Book sales ... blog visits ... tea parties ... town halls ... a national poll ... There is increasing evidence of a shift in the political winds: the nation is swinging right after President Obama's victory last November.
A recent Gallup poll found that people who identify themselves as conservatives now outnumber liberals in every state. And that tilt is reflected in book sales, with three political books by conservative authors listed in the Top 10 New York Times nonfiction bestsellers: "Culture of Corruption" by Michelle Malkin, "Liberty and Tyranny" by Mark R. Levin, and "Catastrophe" by Dick Morris and Eileen McGann.
There are no political books written by liberals on the list.
Some media analysts say it's a sign that the mainstream news media are biased and out of touch, which is driving conservatives to find their information in other forms of media.
But others, including the books' publishers, say it's just a sign of the times -- a reflection of the change of power in Washington. Sales are up, they say, because Democrats control Congress and the White House, and conservatives are frustrated.
"We, frankly, expected to see a rebound in conservative books after Barack Obama's election," said Marjory G. Ross, president and publisher at conservative Regnery Publishing.
"There is a phenomenon when one party is out of power that people are searching for leaders ... from their side. And if they don't see those people in Washington, they often look for media and celebrities outside of Washington to support their cause."
She said Regnery has seen an increase in sales, especially in the last couple of months.
"We right now have more than 300,000 books in print for Michelle Malkin's book ... more books in print for a single title than we've had for two years."
Penguin books' conservative imprint, Sentinel, agreed.
"No question, conservative voices are back on the upswing again," Sentinel spokesman Adrian Zackheim said, adding that it recalled "the heady days of the Clinton White House, when conservative books frequently dominated the bestseller lists."
Liberal pundits also are noting the trend. Michael Huttner and Jason Salzman, authors of "50 Ways You Can Help Obama Change America," wrote at HuffingtonPost.com that they hope their book "contributes to changing the dialogue in this country, at a time when ... books by right-wingers Michelle Malkin, Glenn Beck and Bill O'Reilly [are] topping this week's national bestsellers list."
Data on New York Times bestsellers confirms the increase in conservative titles since November and shows that liberal authors did well during the Bush administration.
But some media experts say that what's happening now reflects a more fundamental shift toward conservative writing -- both in books and on the Internet -- caused by an elite media that ignores conservative voices.
"In the old analog era, New York's elite media could get away with ignoring much of the rest of the country, perhaps even having a certain disdain for parochial Americans who didn't see things their way," DePaul University journalism professor Bruce Evensen said.
"Now, in the digital age, these 'savages' are having their revenge. Conservatives dominate much of the blogosphere in news and information, because for so many years liberals have dominated [old media]."
Liberal analysts agree that conservative book sales are up, but they say it's due solely to angry conservatives, not perceived media bias.

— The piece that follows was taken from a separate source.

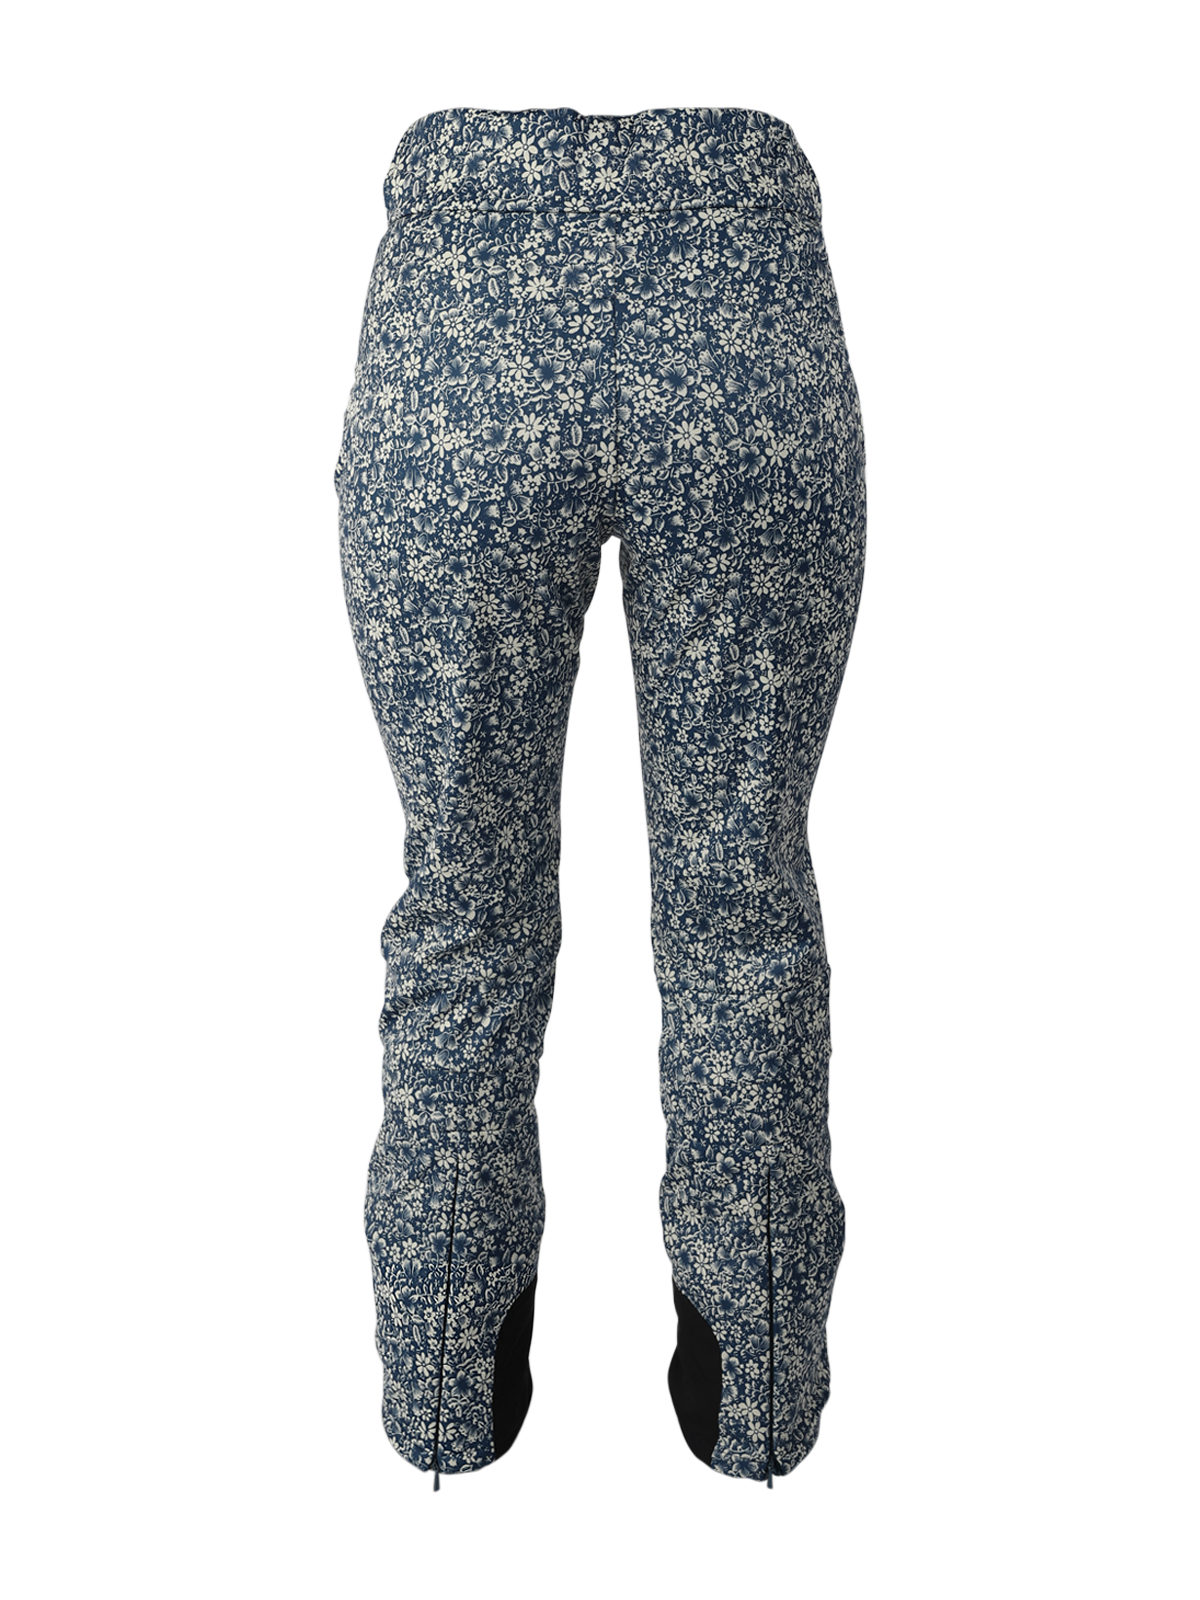 Sunpeak-AO Women Softshell Snow Pants | Blue

"The right has always complained about a phantom liberal bias in the media, so that doesn't strike me as a likely cause," said Peter Hart, activism director at Fairness and Accuracy in Reporting.
"I think the biggest factor is talk radio. Conservative hosts can use their national shows to push their books, or books by like-minded authors, to an audience that is feeling marginalized and angry."

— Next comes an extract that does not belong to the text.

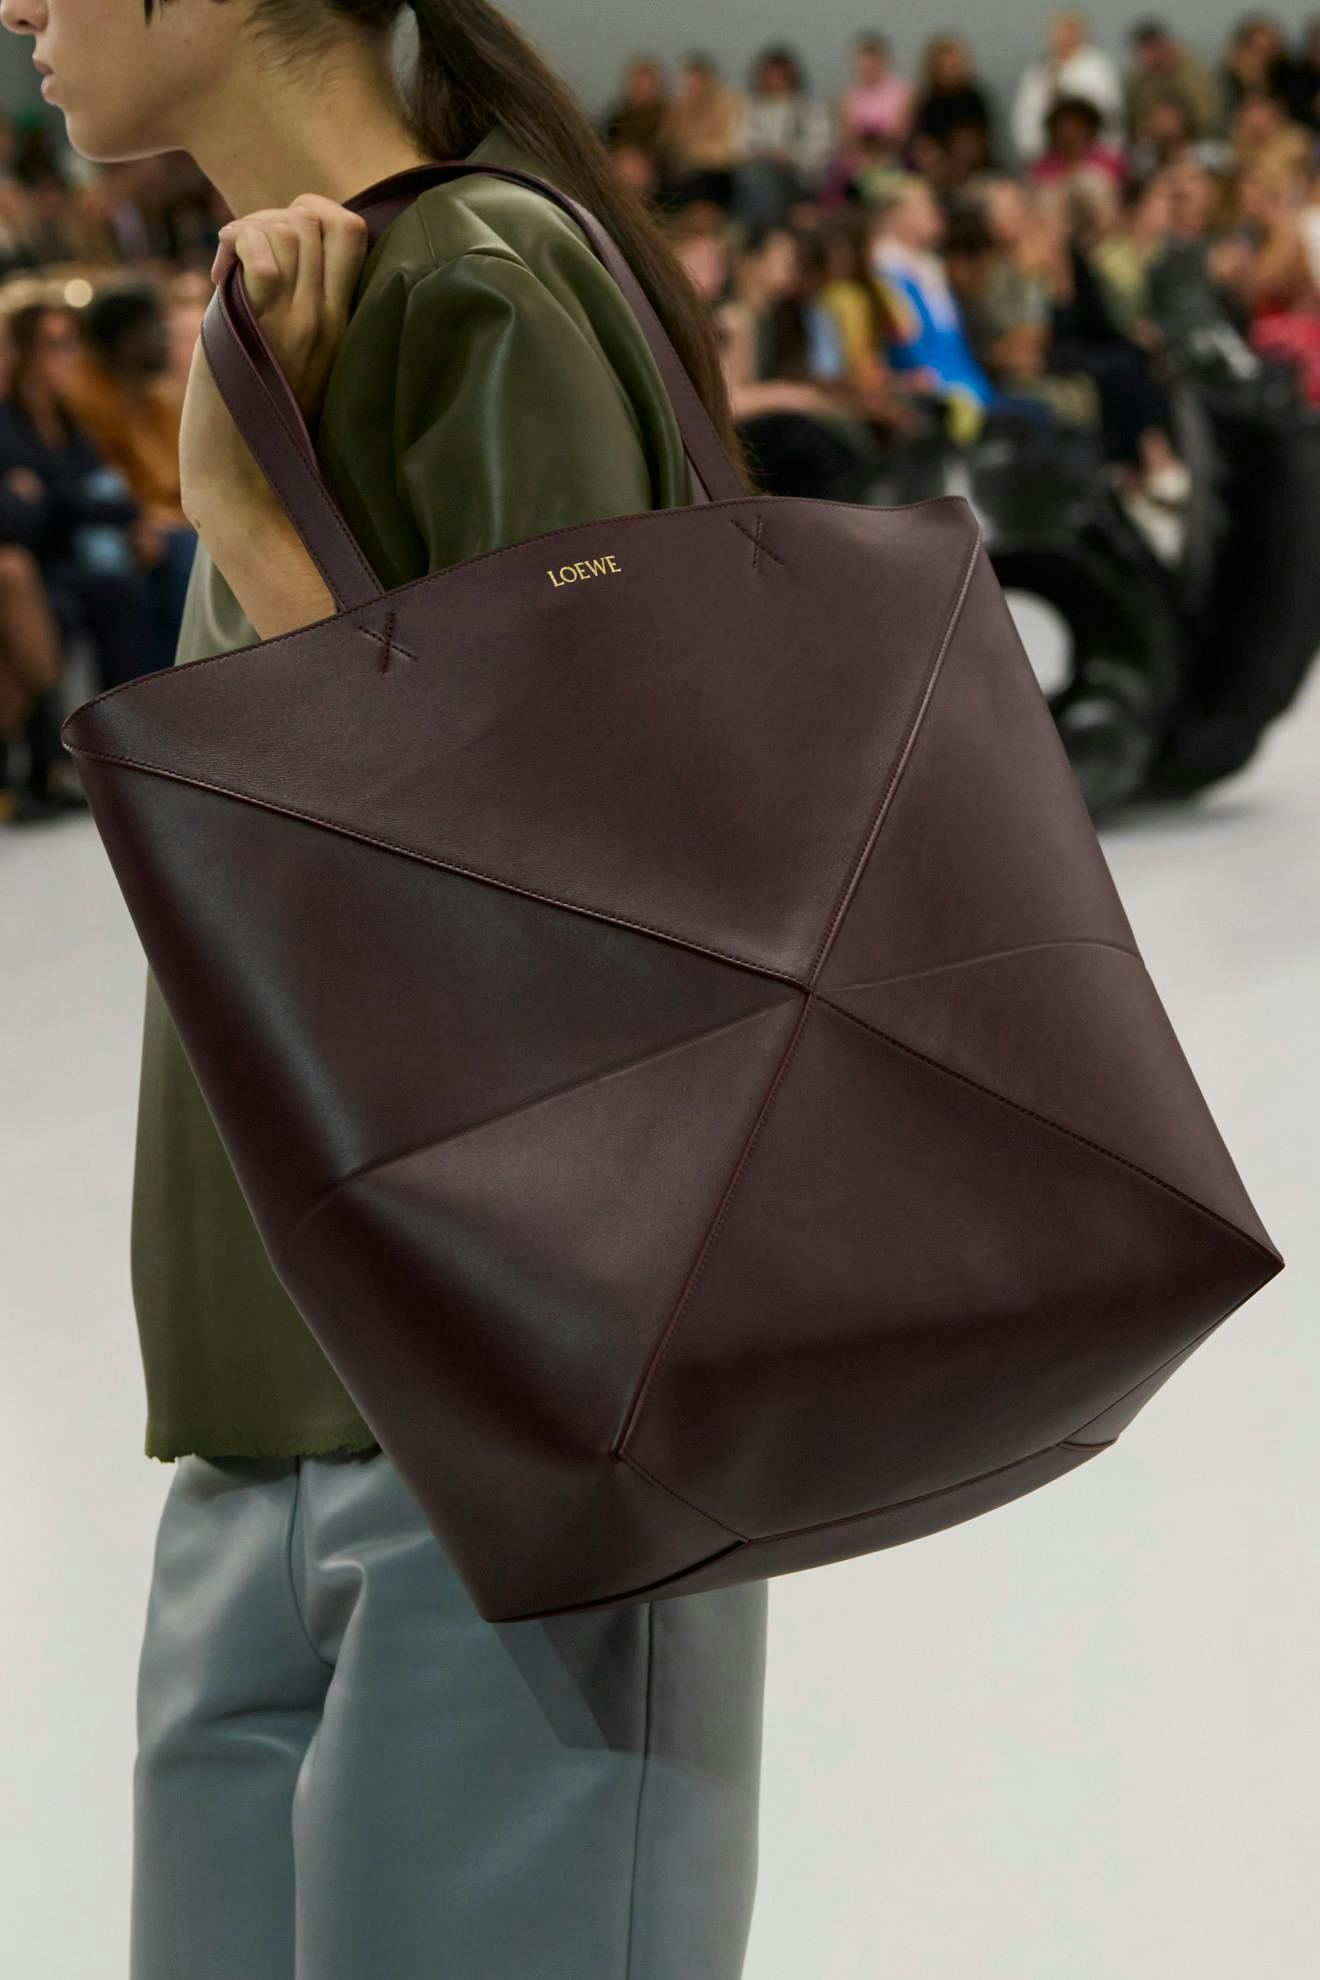 accessories bag handbag purse tote bag person face head

The shift to the right is also apparent on the Internet. Arizona State University professors Kevin Dooley and Steve Corman looked at the 20 most popular conservative and liberal blogs on the Web, counted the sites they linked to -- and then followed the sites those linked to, and so on. They ended up with a list of 814 conservative blogs, compared to 436 liberal ones. The conservative blogs also had more total posts.

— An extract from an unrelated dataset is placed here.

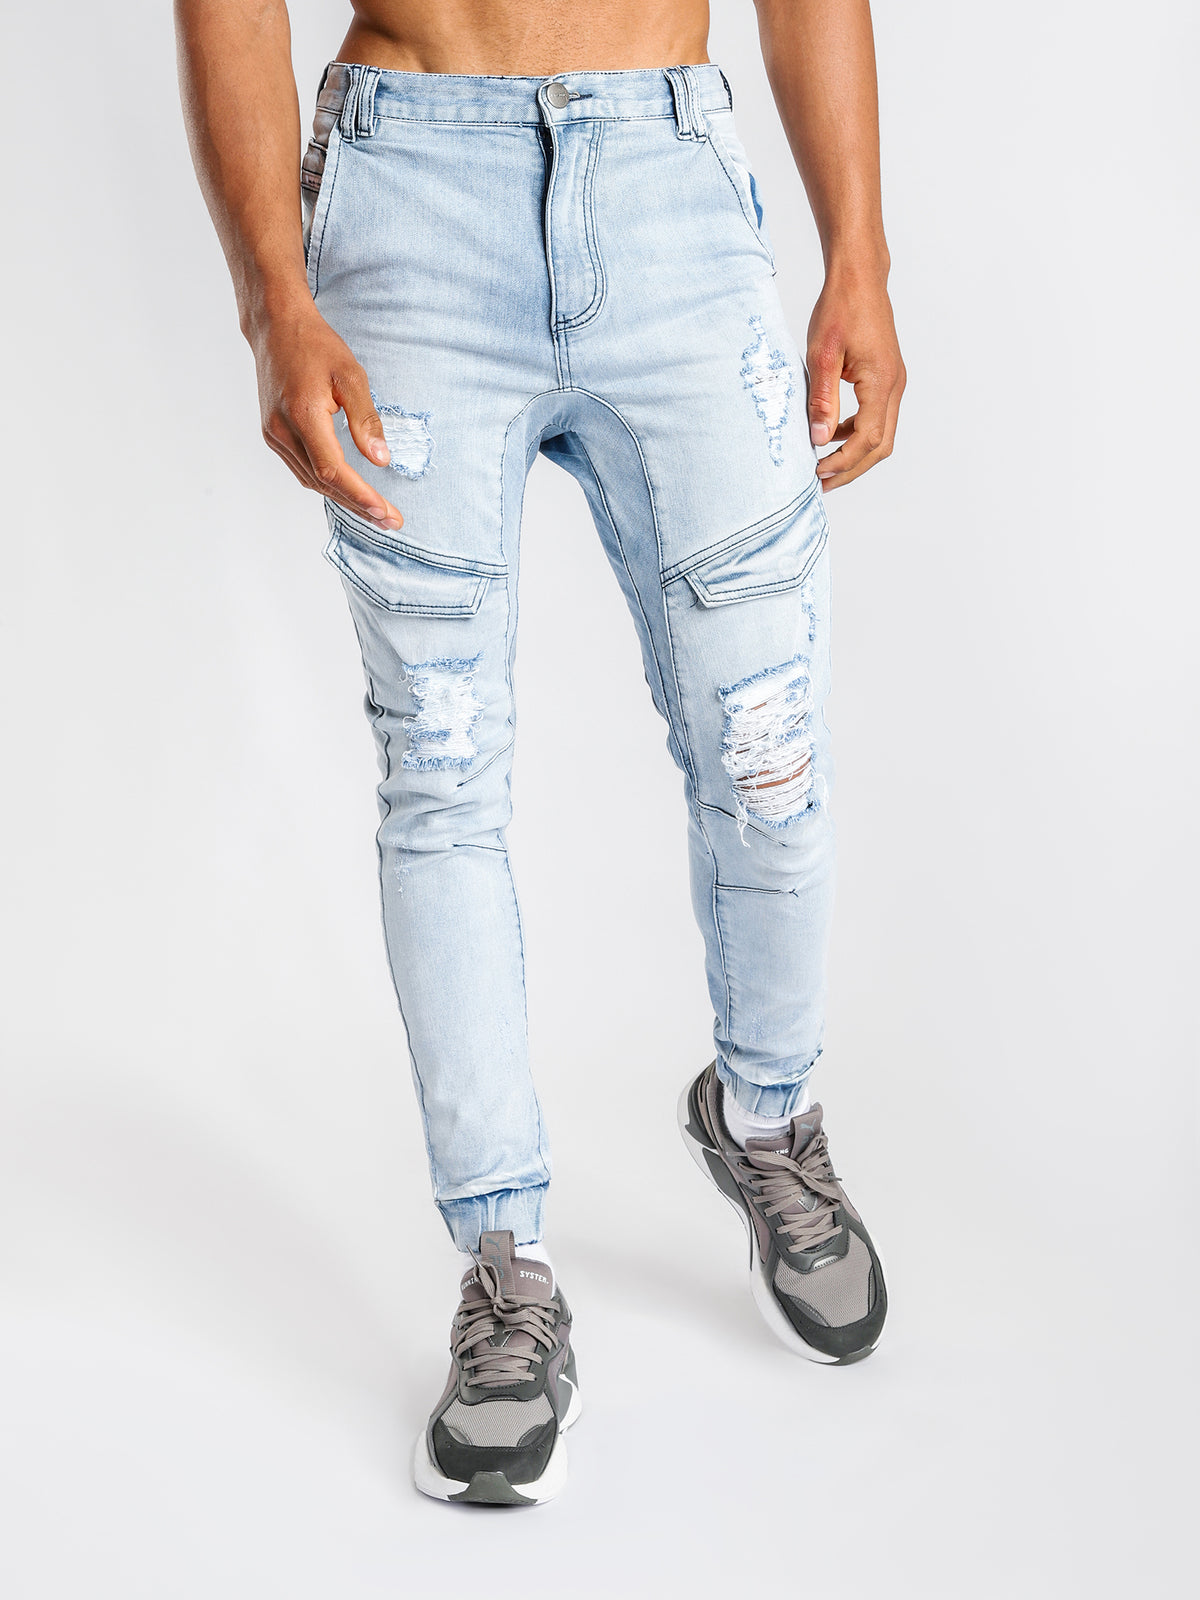 Flight Engineered Jeans in Broken Bleach Denim

"There was really no subjective intervention on our part, so I have faith that our population is representative of the number of blogs," Dooley said.
Social media consultant Simon Owens said he found that conservative blogs had lost fewer readers since November. While the conservative blogs are now getting 37 percent fewer page views than during the election season, the liberal blogs have lost almost twice as many: 64 percent of their Web site hits.
In some cases, Internet activism feeds into real-world demonstrations. Many of the tea party protests that drew conservatives out in large numbers in the spring -- organizers estimated that there were at least 790,000 protesters around the country on tax day -- were also organized online.
Town hall meetings about health care have also generally been packed. Local media outlets reported that hundreds had to be turned away at town halls hosted by Sens. Arlen Specter (D-Pa.) and Ben Cardin (D-Md.) and Rep. Gene Taylor (D-Miss.).
"Conservatives are much more prominent now than when we started doing [media analysis in 1987]," said Daniel Amundson, research director at George Mason University's Center for Media & Public Affairs. "Increasingly now you see people from conservative groups or conservative politicians showing up and supplying commentary to the press. I think they have become, I wouldn't say even players, but on the field in a pretty significant way."
He cited the town hall protests as an example of increased visibility.
"I'm hard-pressed to think of too many other situations where you've had coverage of town hall meetings across the country."